Events

Celebrating Recent Work by Nicholas Bartlett

New Books in the Arts and Sciences

April 8, 2022 Friday, 11:00am–12:15pm EDT Virtual Event
Cosponsors
  • Department of East Asian Languages and Cultures
  • The Department of Anthropology
  • East Asian Track at Barnard College
Organizer
  • The Society of Fellows and Heyman Center for the Humanities
Notes
  • Free and open to the public
  • Registration required. See details.

Recovering Histories: Life and Labor after Heroin in Reform-Era China
by: Nicholas Bartlett

Heroin first reached Gejiu, a Chinese city in southern Yunnan known as Tin Capital, in the 1980s. Widespread use of the drug, which for a short period became “easier to buy than vegetables,” coincided with radical changes in the local economy caused by the marketization of the mining industry. More than two decades later, both the heroin epidemic and the mining boom are often discussed as recent history.
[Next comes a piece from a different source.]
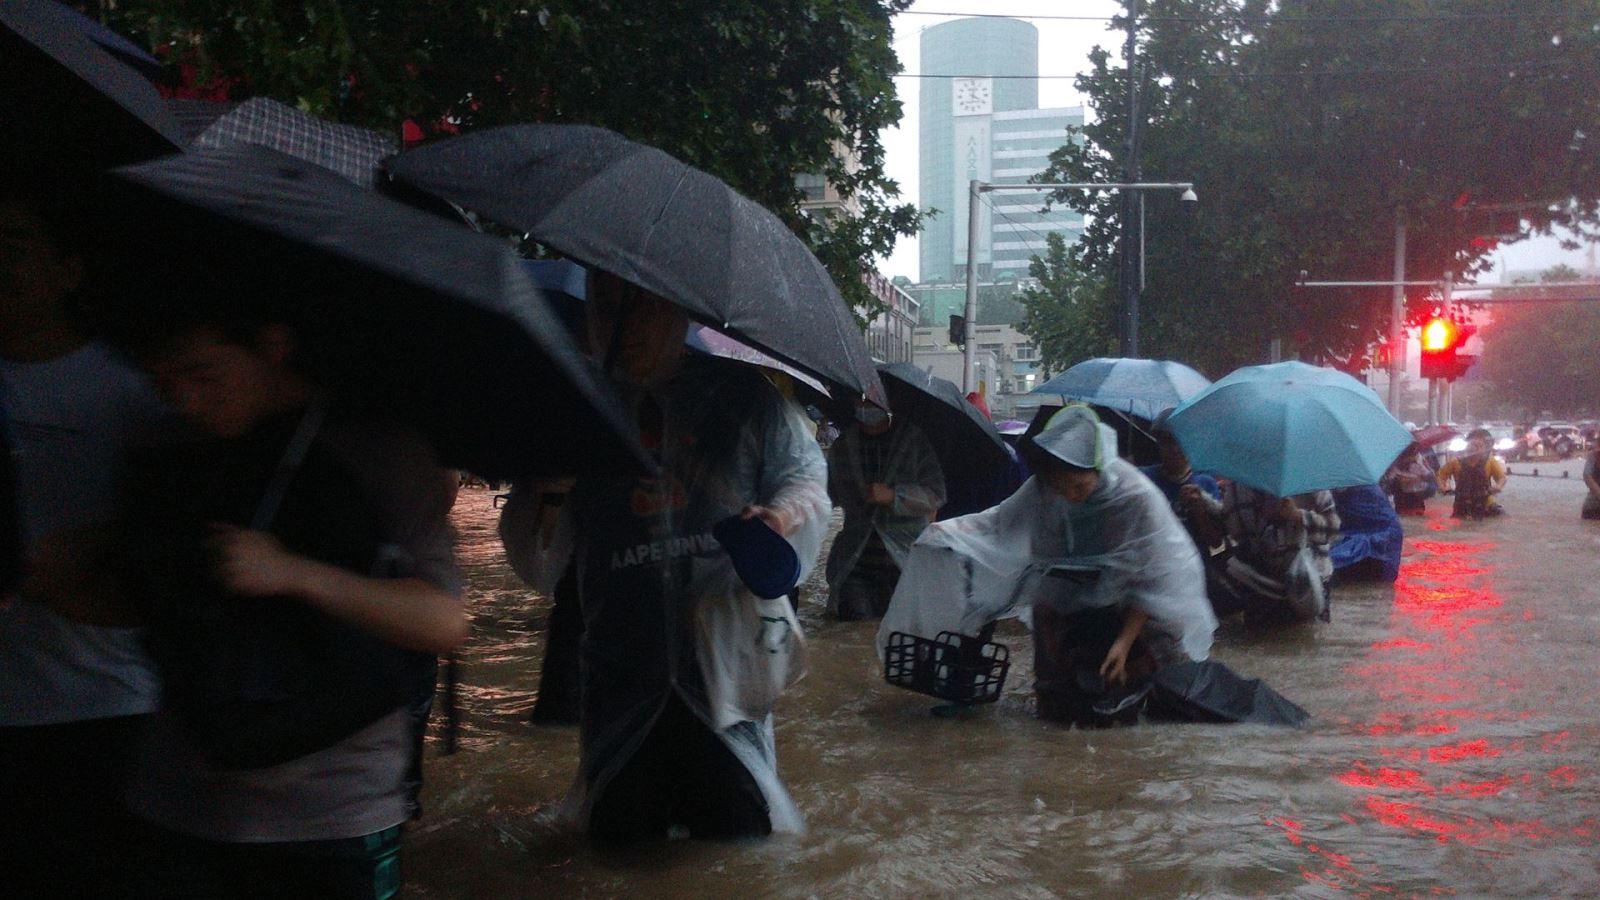 Trận mưa lớn '5000 năm có 1' làm đường phố Trung Quốc ngập sâu, Thiếu Lâm Tự phải đóng cửa để bảo toàn hạ tầng - Ảnh 2

Middle-aged long-term heroin users, however, complain that they feel stuck in an earlier moment of the country’s rapid reforms, navigating a world that no longer resembles either the tightly knit Maoist work units of their childhood or the disorienting but opportunity-filled chaos of their early careers. Overcoming addiction in Gejiu has become inseparable from broader attempts to reimagine laboring lives in a rapidly shifting social world. Drawing on more than eighteen months of fieldwork, Nicholas Bartlett explores how individuals’ varying experiences of recovery highlight shared challenges of inhabiting China’s contested present.

Attendance and Registration Policy:

This event will take place virtually over Zoom. Registration is required.
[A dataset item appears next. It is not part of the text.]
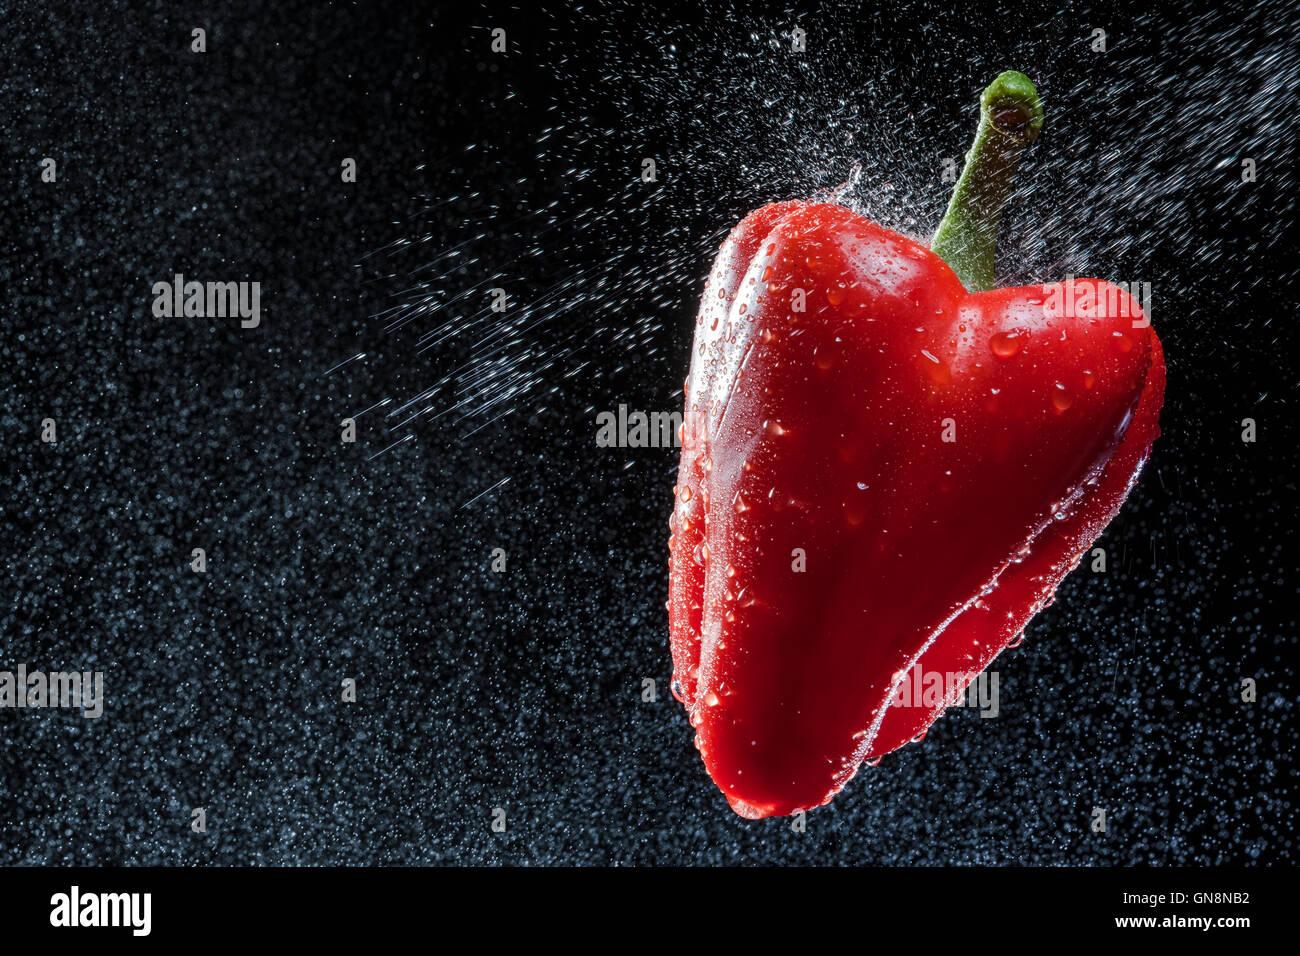 Peperone rosso in uno spray contro uno sfondo nero. Una serie di frutta e verdura in movimento. Immagini Stock

Please email [email protected] to request disability accommodations. Advance notice is necessary to arrange for some accessibility needs. This event will be recorded. By being electronically present, you consent to the SOF/Heyman using such video for promotional purposes.

About the Author:

Nicholas Bartlett is Assistant Professor of Contemporary Chinese Culture and Society at Barnard College, Columbia University. His first book, Recovering Histories: Life and Labor after Heroin in Reform-era China (University of California and Columbia Weatherhead 2020), offers a phenomenological account of long-term heroin users’ experiences recovering from addiction in a tin mining city. His current research explores the introduction of group relations conferences to China.

About the Speakers:

Charles Stewart is the Professor of Anthropology at University College London. He taught Modern Greek language and literature at Harvard University and social anthropology at Brunel University before joining UCL. His current research interests include the study of syncretism, creolization, dreaming, the anthropology of religion and topics in the borderland between anthropology and history such as continuity/change, temporality and historicity. He is the author of Dreaming and Historical Consciousness in Island Greece (University of Chicago Press, 2017).
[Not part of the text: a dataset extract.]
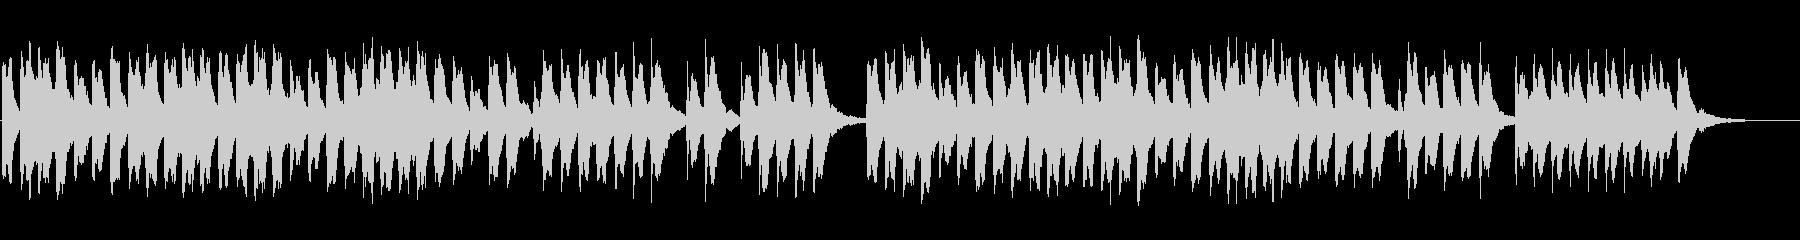 落ち着いたビブラフォンの未再生の波形

Eugenia Lean is Professor of Chinese History at Columbia University. She is interested in a broad range of topics in late imperial and modern Chinese history with a particular focus on the history of science and industry, mass media, consumer culture, affect studies and gender, as well as law and urban society. She is the author of Public Passions: the Trial of Shi Jianqiao and the Rise of Popular Sympathy in Republican China (UC Press, 2007) and Vernacular Industrialism in China: Local Innovation and Translated Technologies in theMaking of a Cosmetics Empire, 1900-1940 (Columbia University Press, 2020).

Nadia Abu El-Haj is Ann Whitney Olin Professor in the Departments of Anthropology at Barnard College and Columbia University, Co-Director of the Center for Palestine Studies, and Chair of the Governing Board of the Society of Fellows/Heyman Center for the Humanities at Columbia University. Abu El-Haj has published two books: Facts on the Ground: Archaeological Practice and Territorial Self-Fashioning in Israeli Society (2001), which won the Albert Hourani Annual Book Award from the Middle East Studies Association in 2002, and The Genealogical Science: The Search for Jewish Origins and the Politics of Epistemology (2012).

D. Max Moerman is Professor in the Department of Asian and Middle Eastern Cultures. He is Co-Chair of the Columbia University Seminar in Buddhist Studies and an Associate Director of the Columbia Center for Buddhism and Asian Religions. He holds an A.B. from Columbia College and a Ph.D. from Stanford University. His research interests are in the visual and material culture of Japanese religions.